**INSTRUCTIONS TO FOLLOW**
Working from the top of the listing below, retype each line through the line containing "Add a touch", both included, with no pictures.

**DATA EXCERPT**
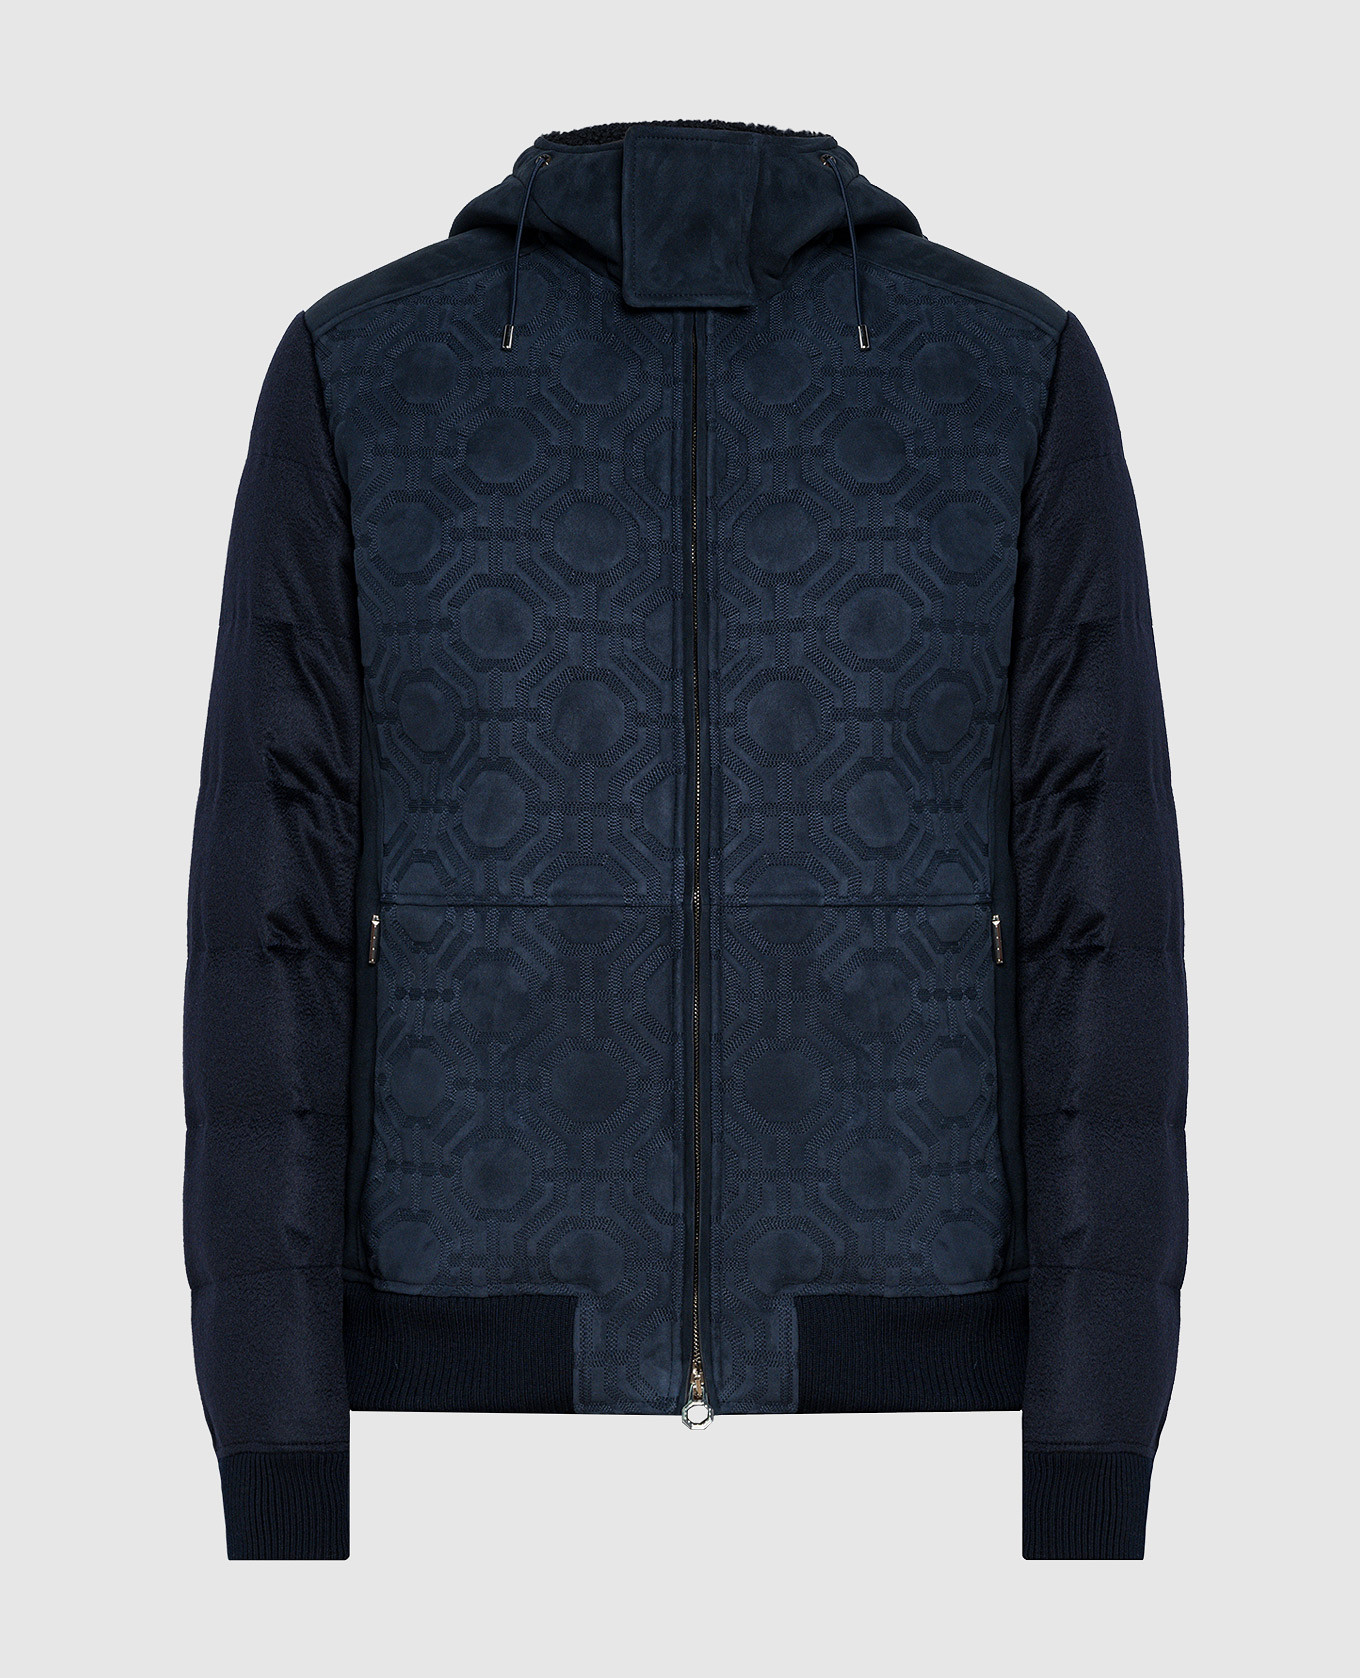 Blue combined cashmere and suede down jacket with branded embroidery
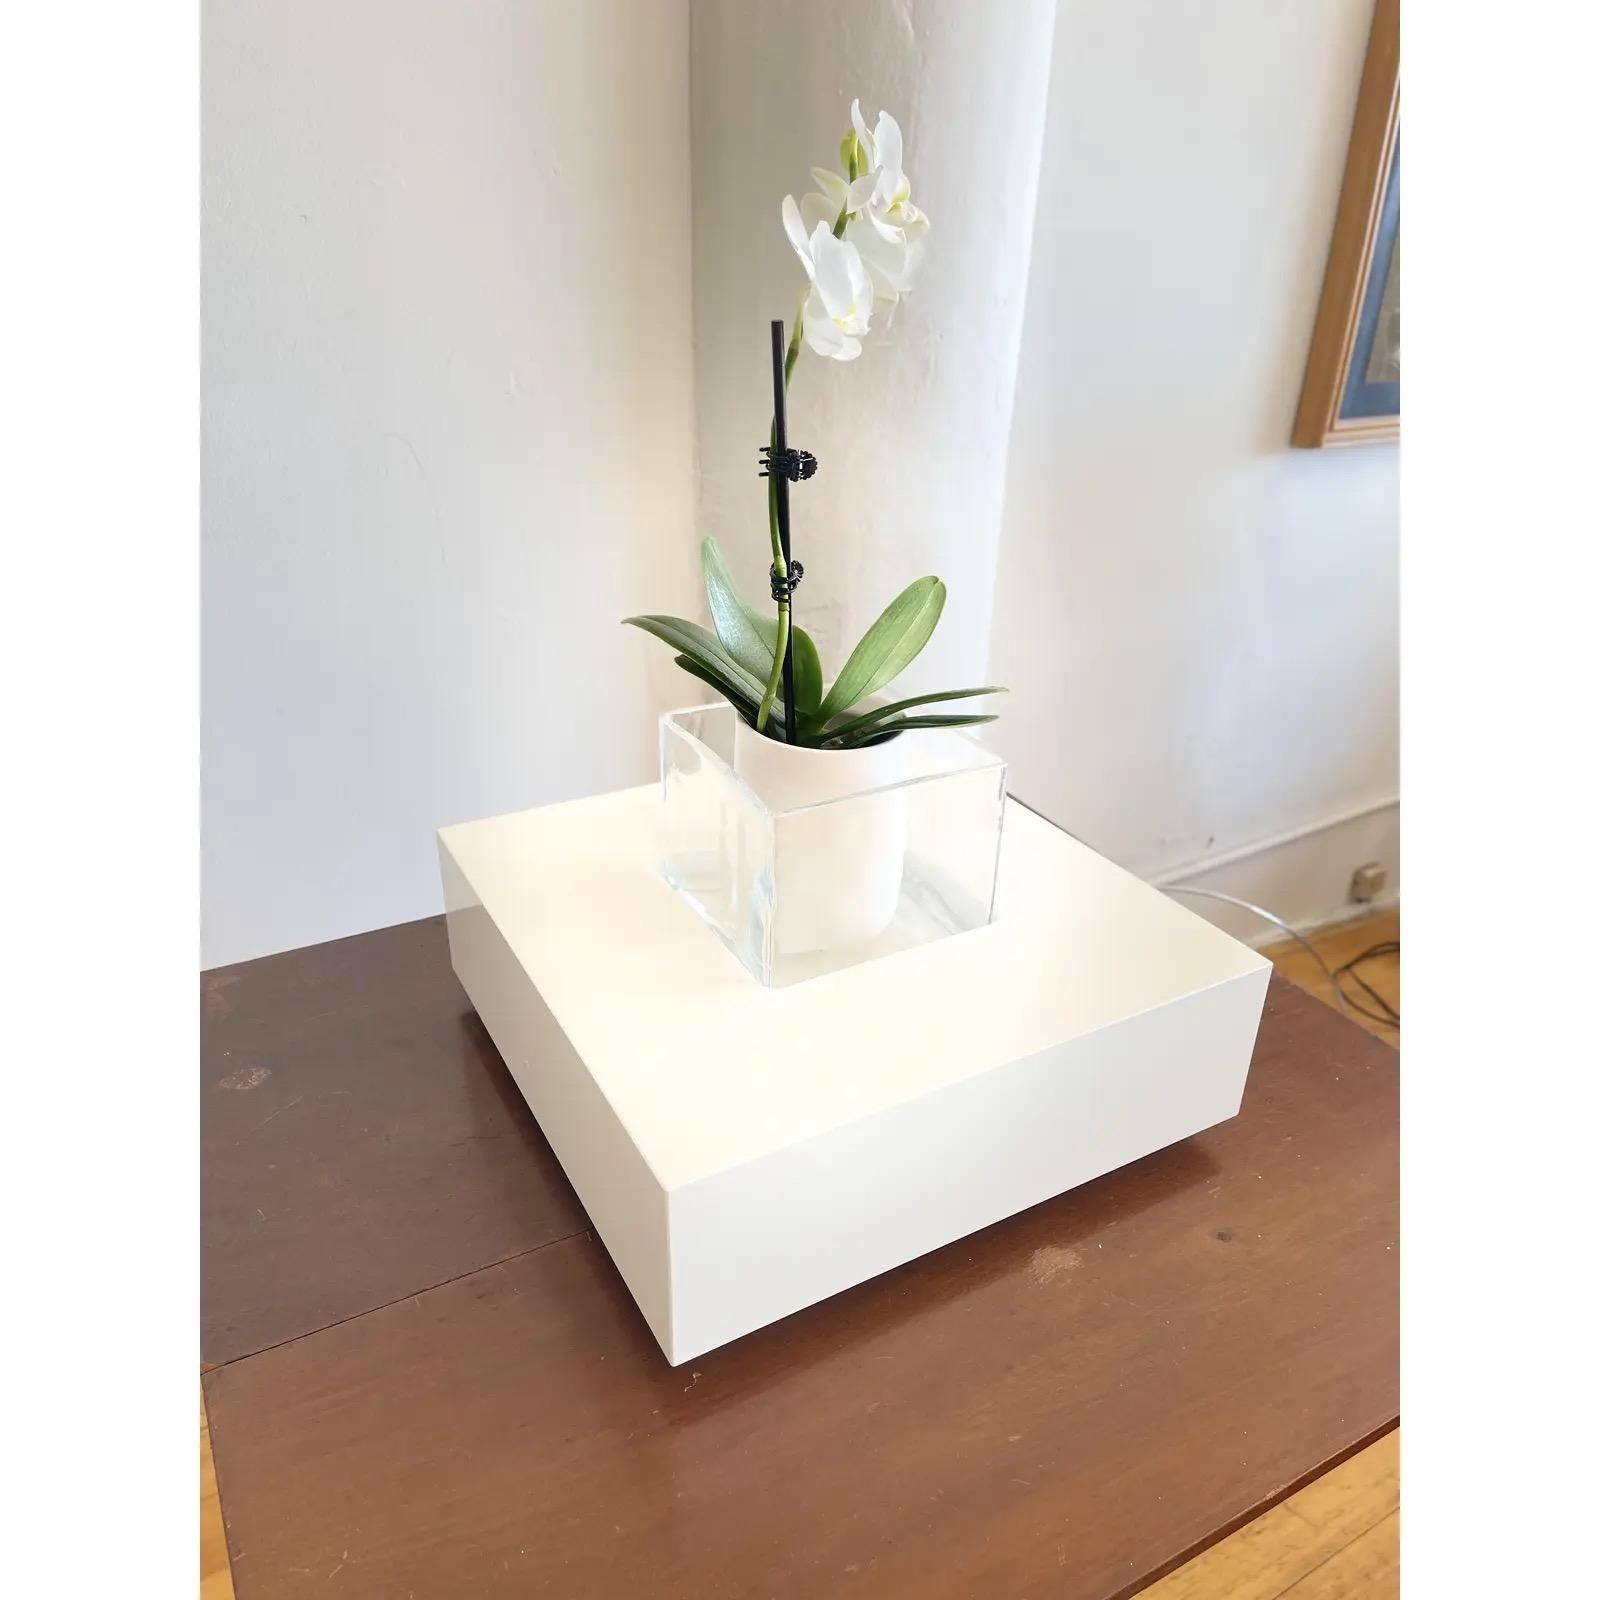 Add a touch of elegance to your dining table with our stunning centerpiece table decor. This Italian-made masterpiece is crafted from a solid glossy white lacquered wood block, ensuring durability and a sleek appearance. The centerpiece features a
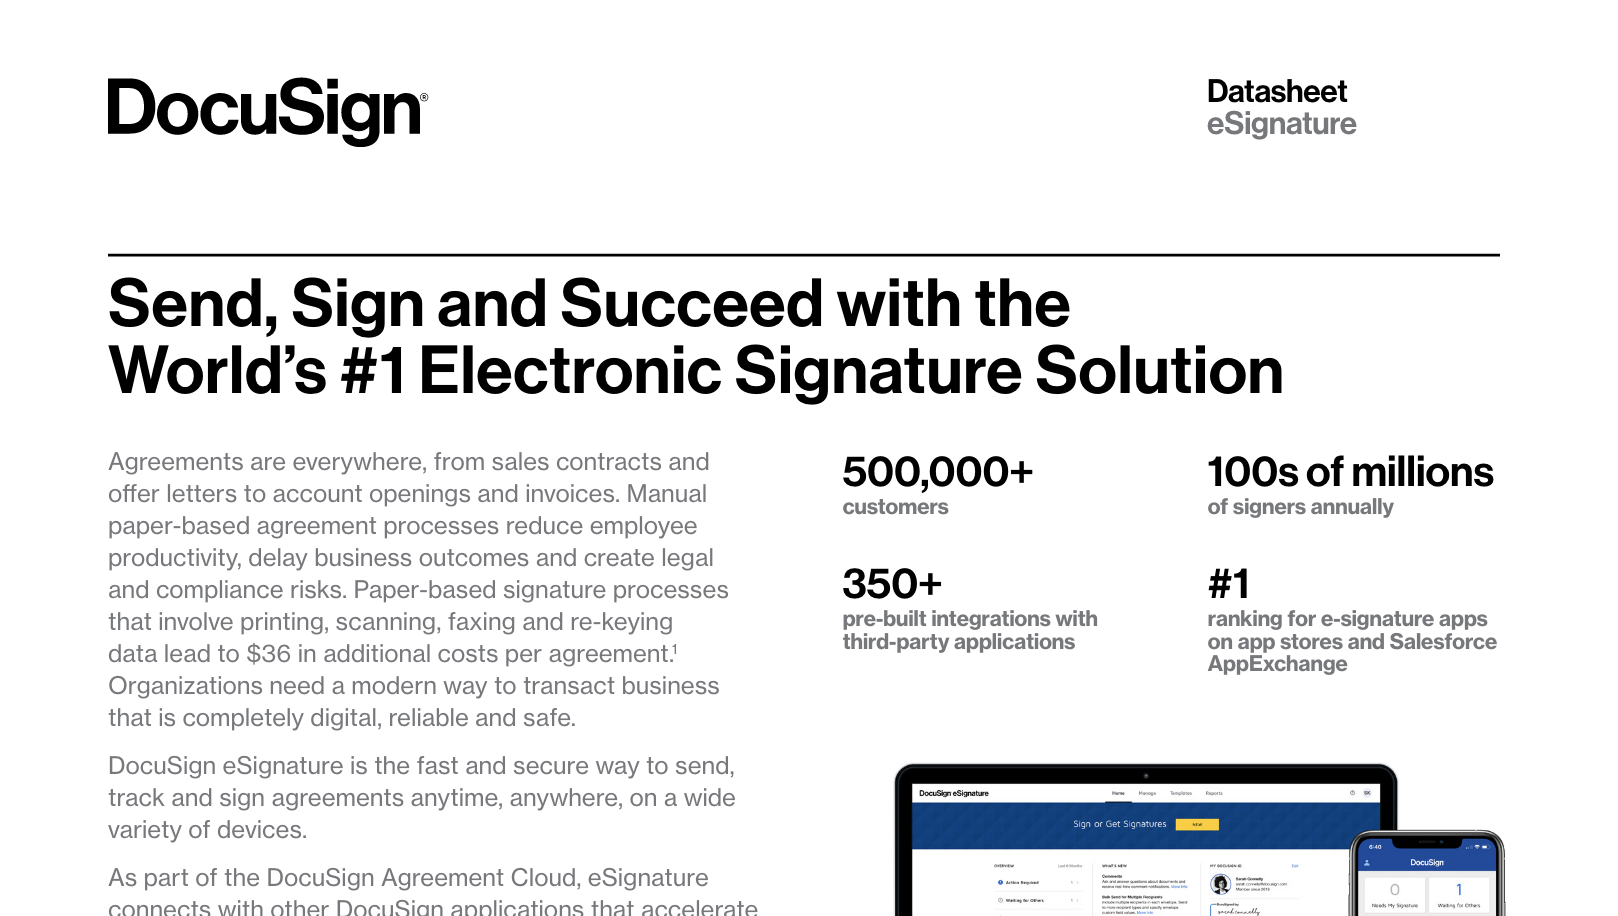 Send, Sign and Succeed with the World’s #1 Electronic Signature Solution
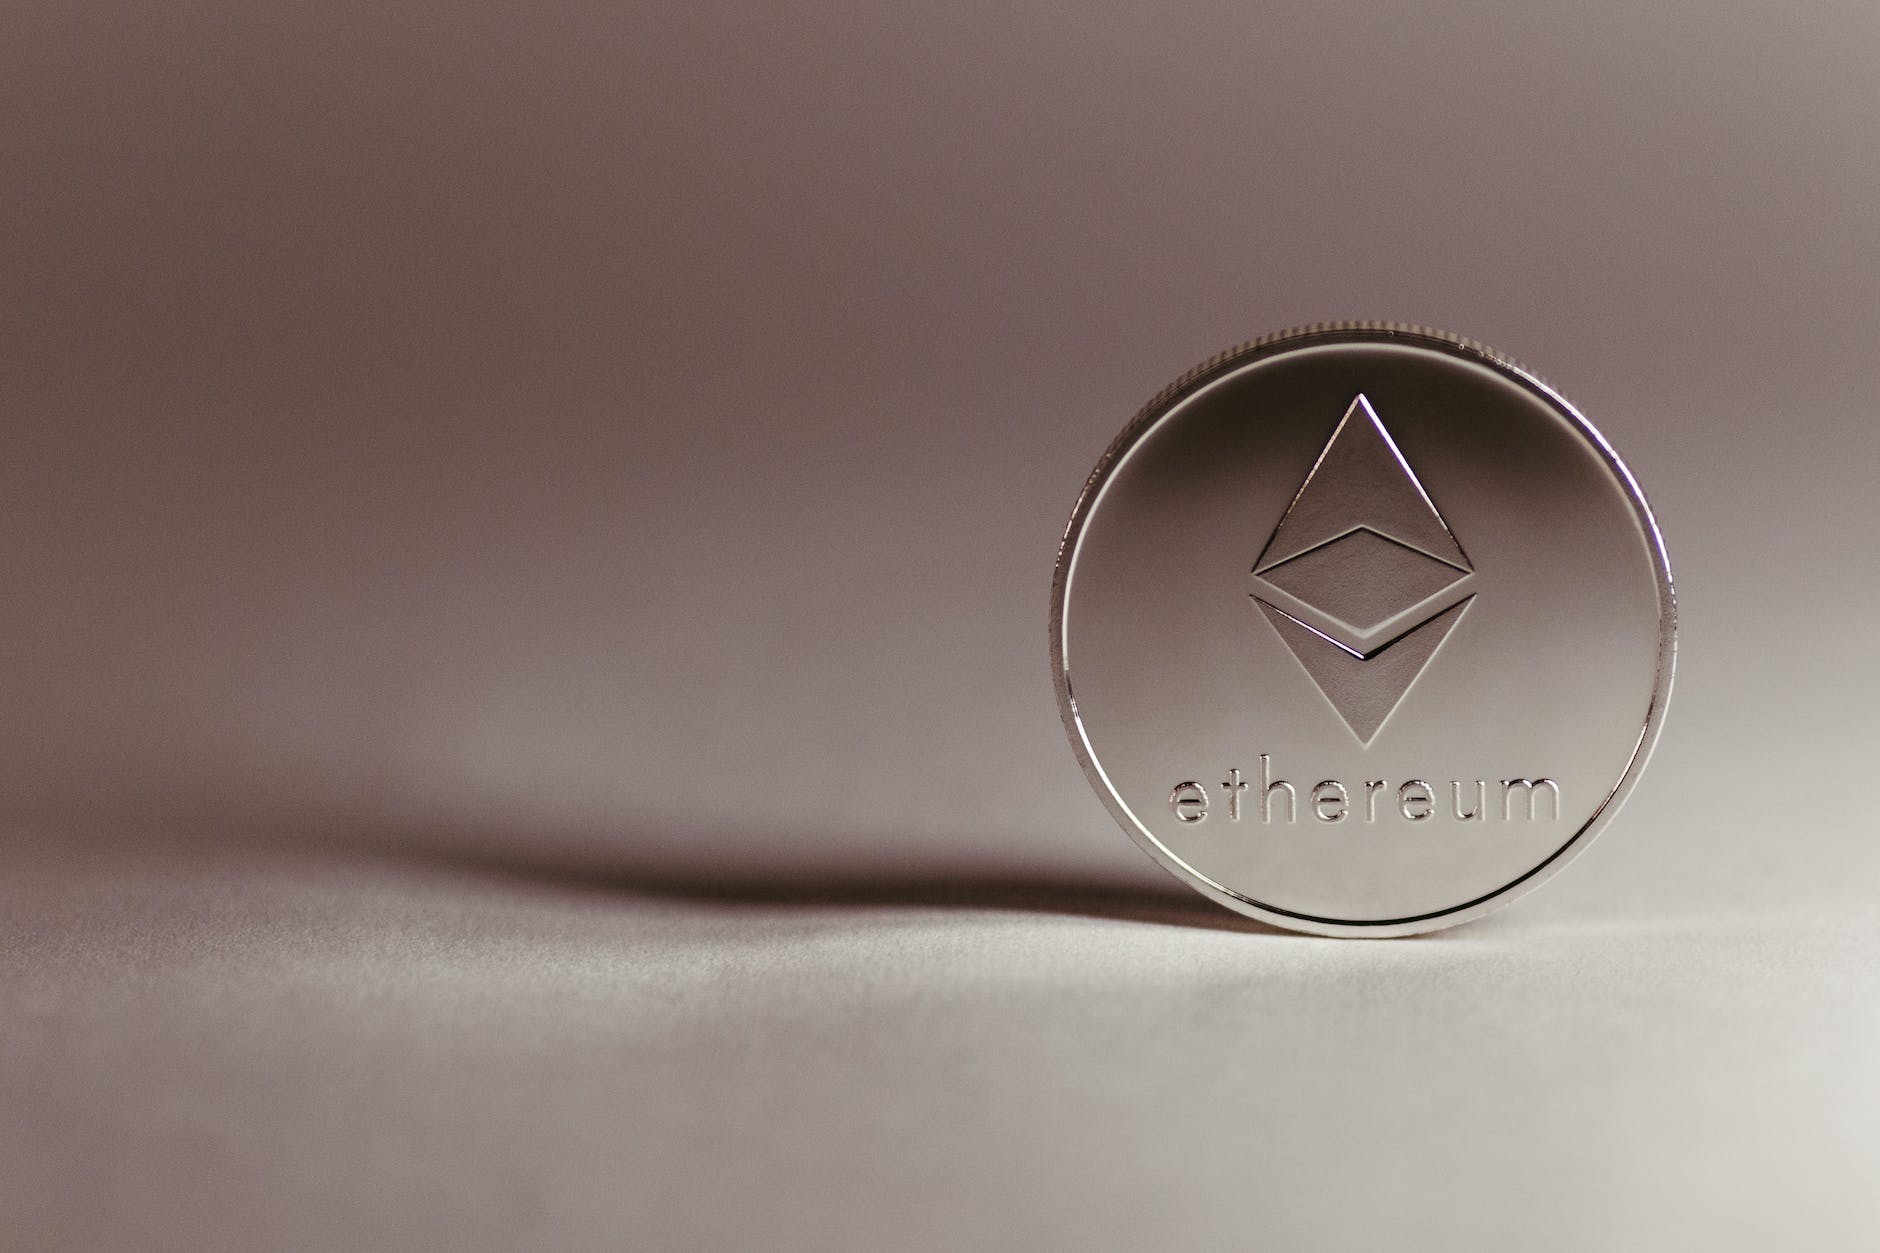 close up of etheroum crypto currency coin

**RESULT FOR THIS EXERCISE**
 Blue combined cashmere and suede down jacket with branded embroidery
 Add a touch of elegance to your dining table with our stunning centerpiece table decor. This Italian-made masterpiece is crafted from a solid glossy white lacquered wood block, ensuring durability and a sleek appearance. The centerpiece features a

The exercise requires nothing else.